» **DATA EXTRACT**
----------
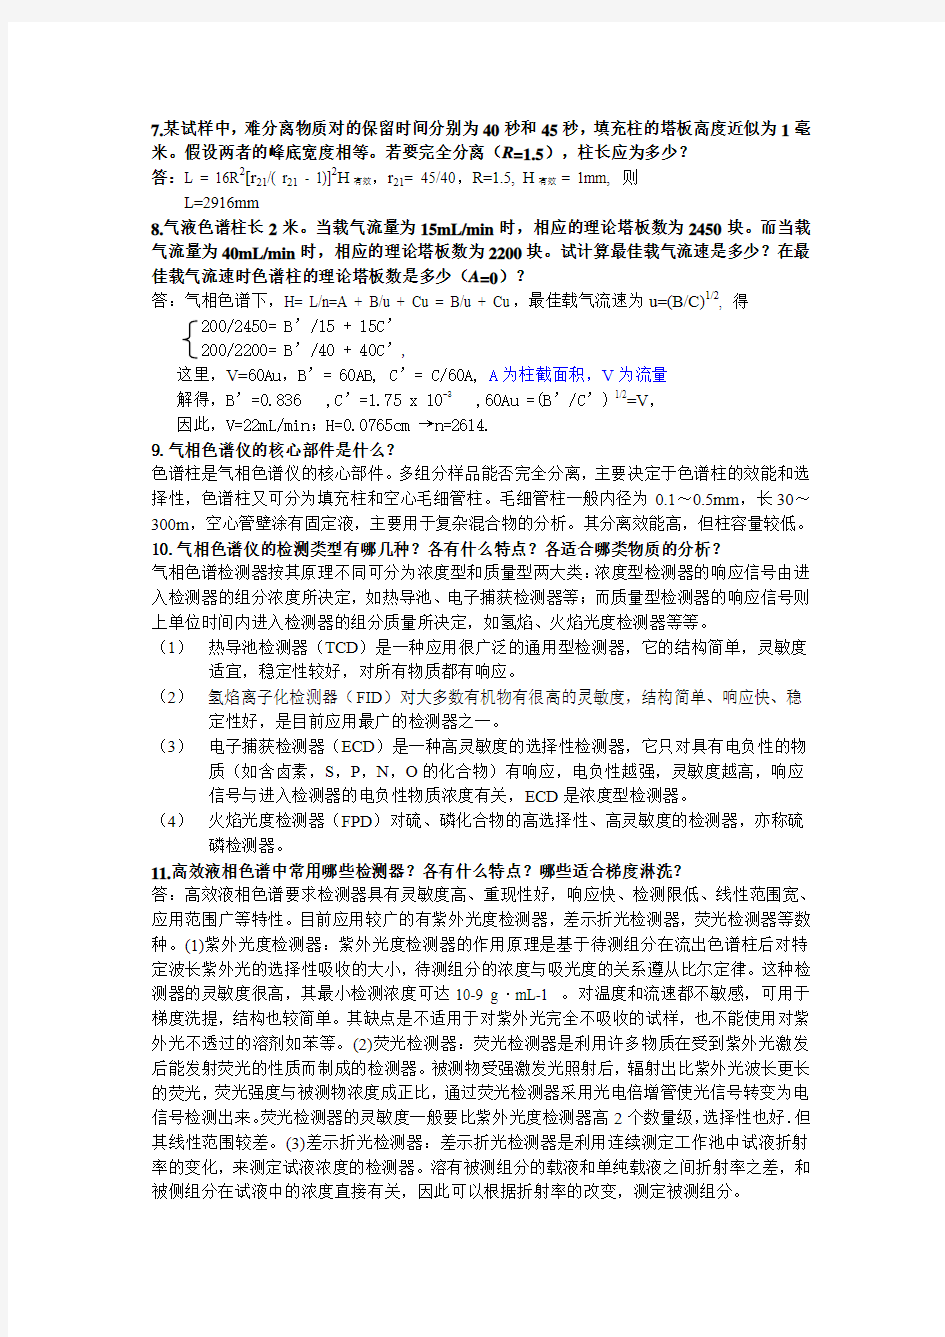 仪器分析第二版(刘志广)部分课后答案
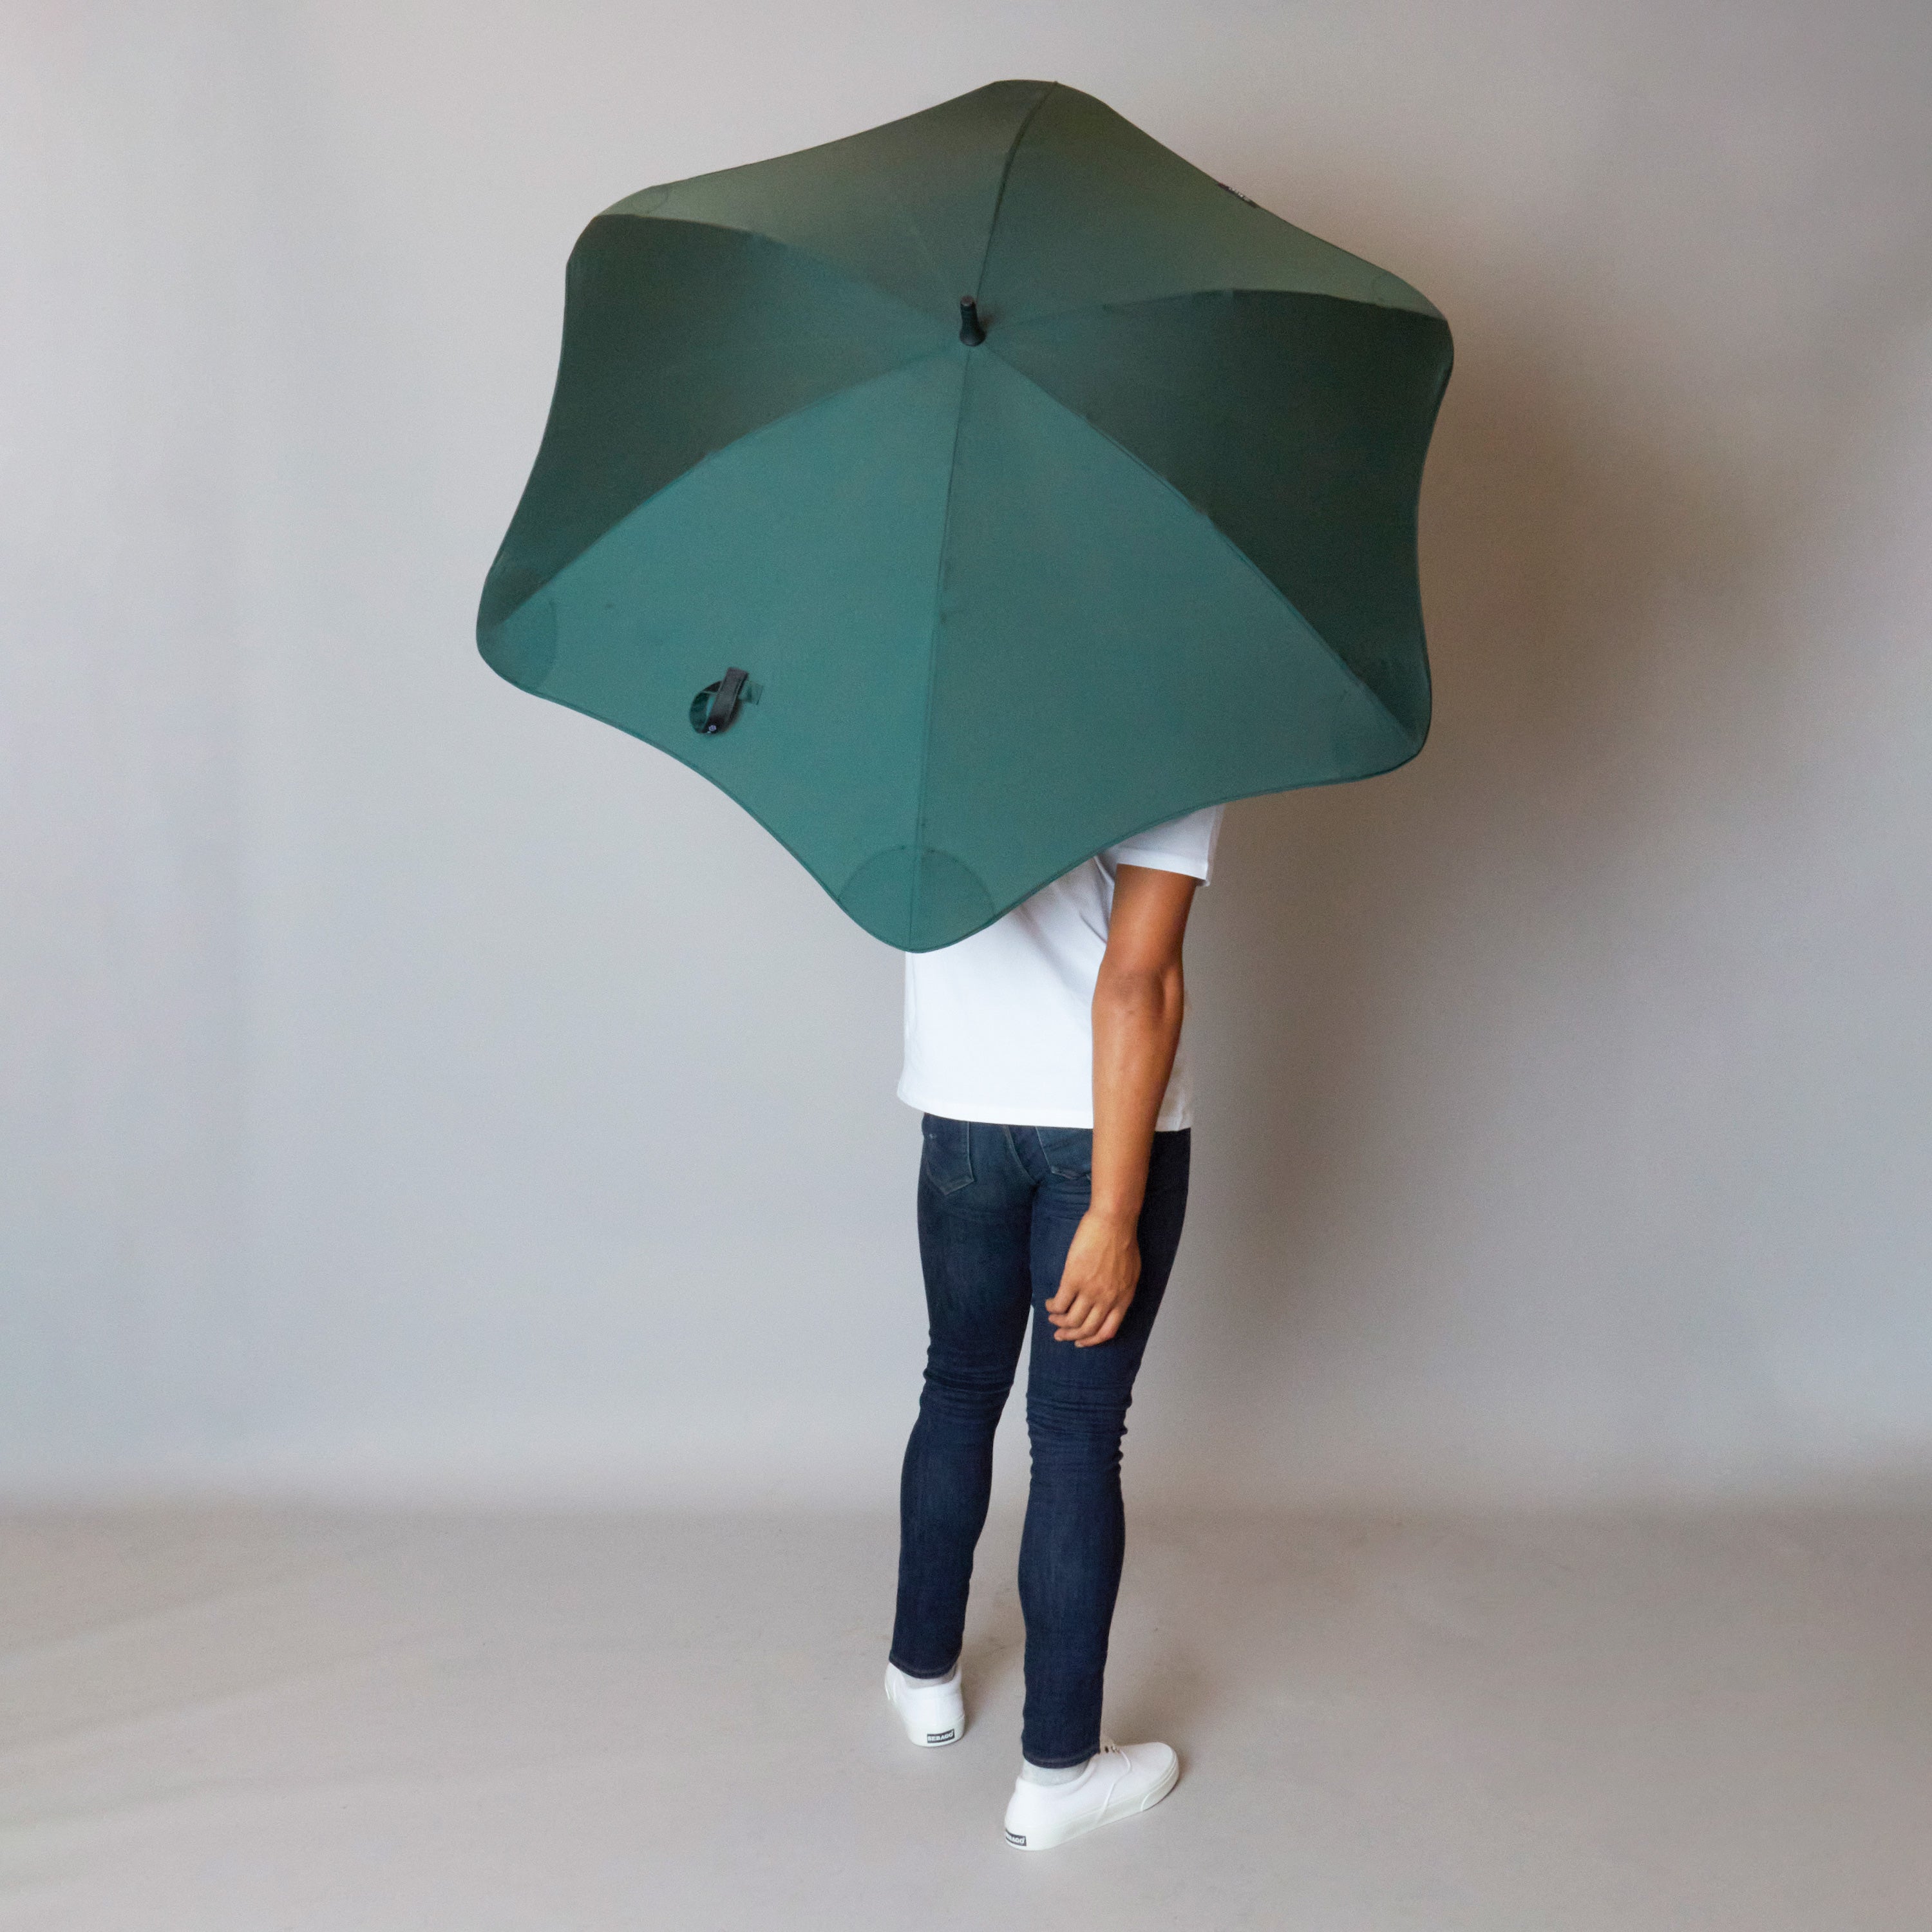 2020 Classic Green Blunt Umbrella Model Back View
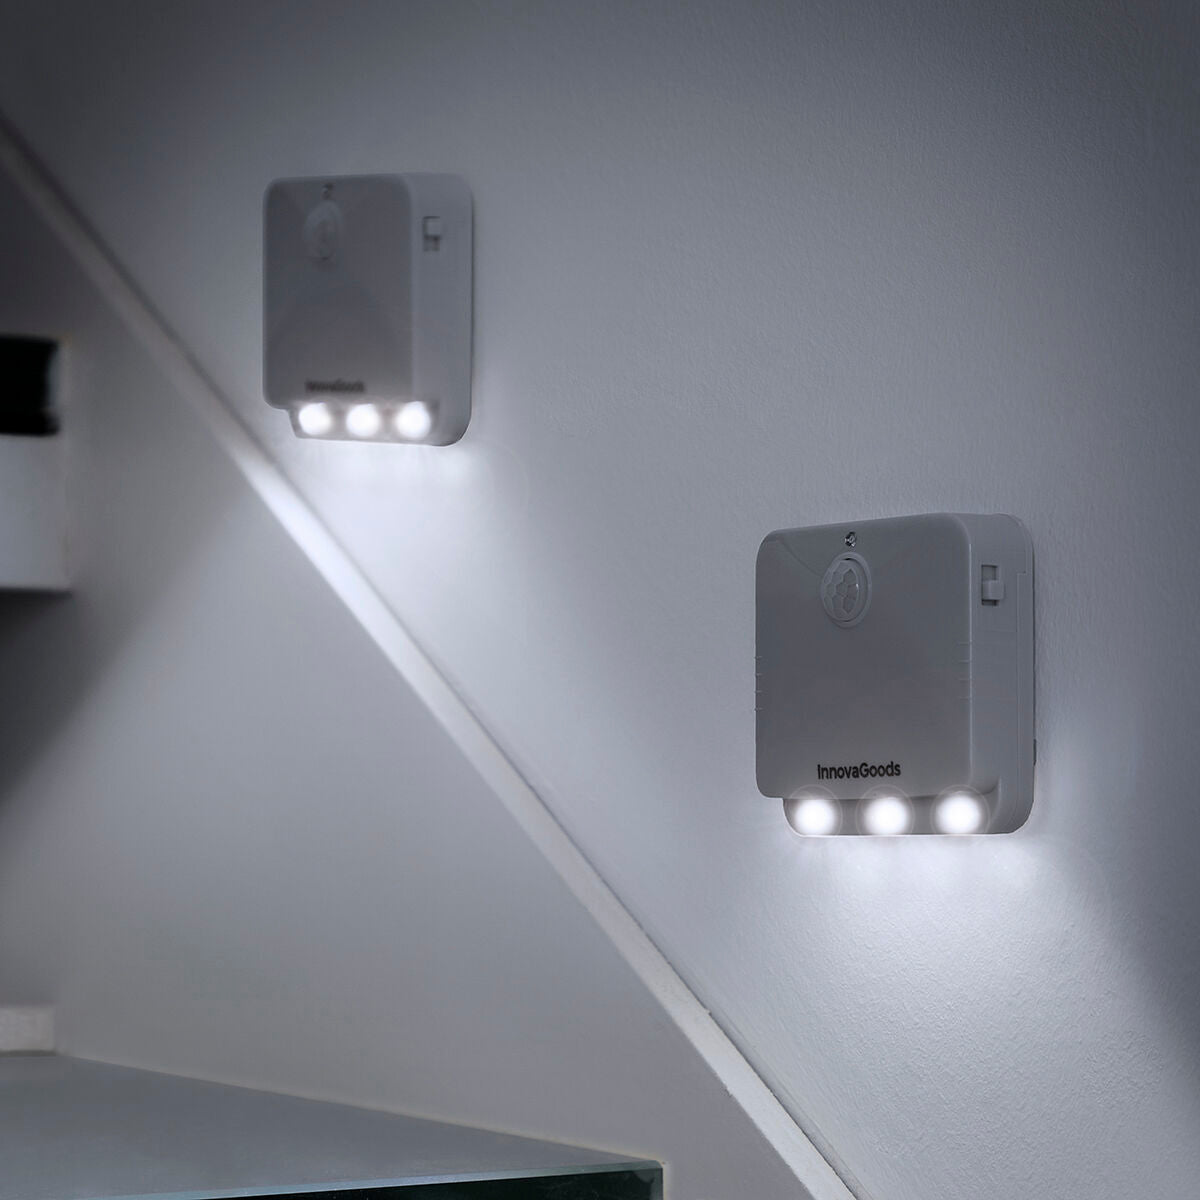 Kaufe Lumtoo InnovaGoods LED-Lampe mit Bewegungssensor, 2 Stück bei AWK Flagship um € 26.00
----------
» **WHAT YOU HAVE TO DO**
Your output must reproduce the material above in full, with no pictures.

» **FINAL ANSWER**
 仪器分析第二版(刘志广)部分课后答案
 2020 Classic Green Blunt Umbrella Model Back View
 Kaufe Lumtoo InnovaGoods LED-Lampe mit Bewegungssensor, 2 Stück bei AWK Flagship um € 26.00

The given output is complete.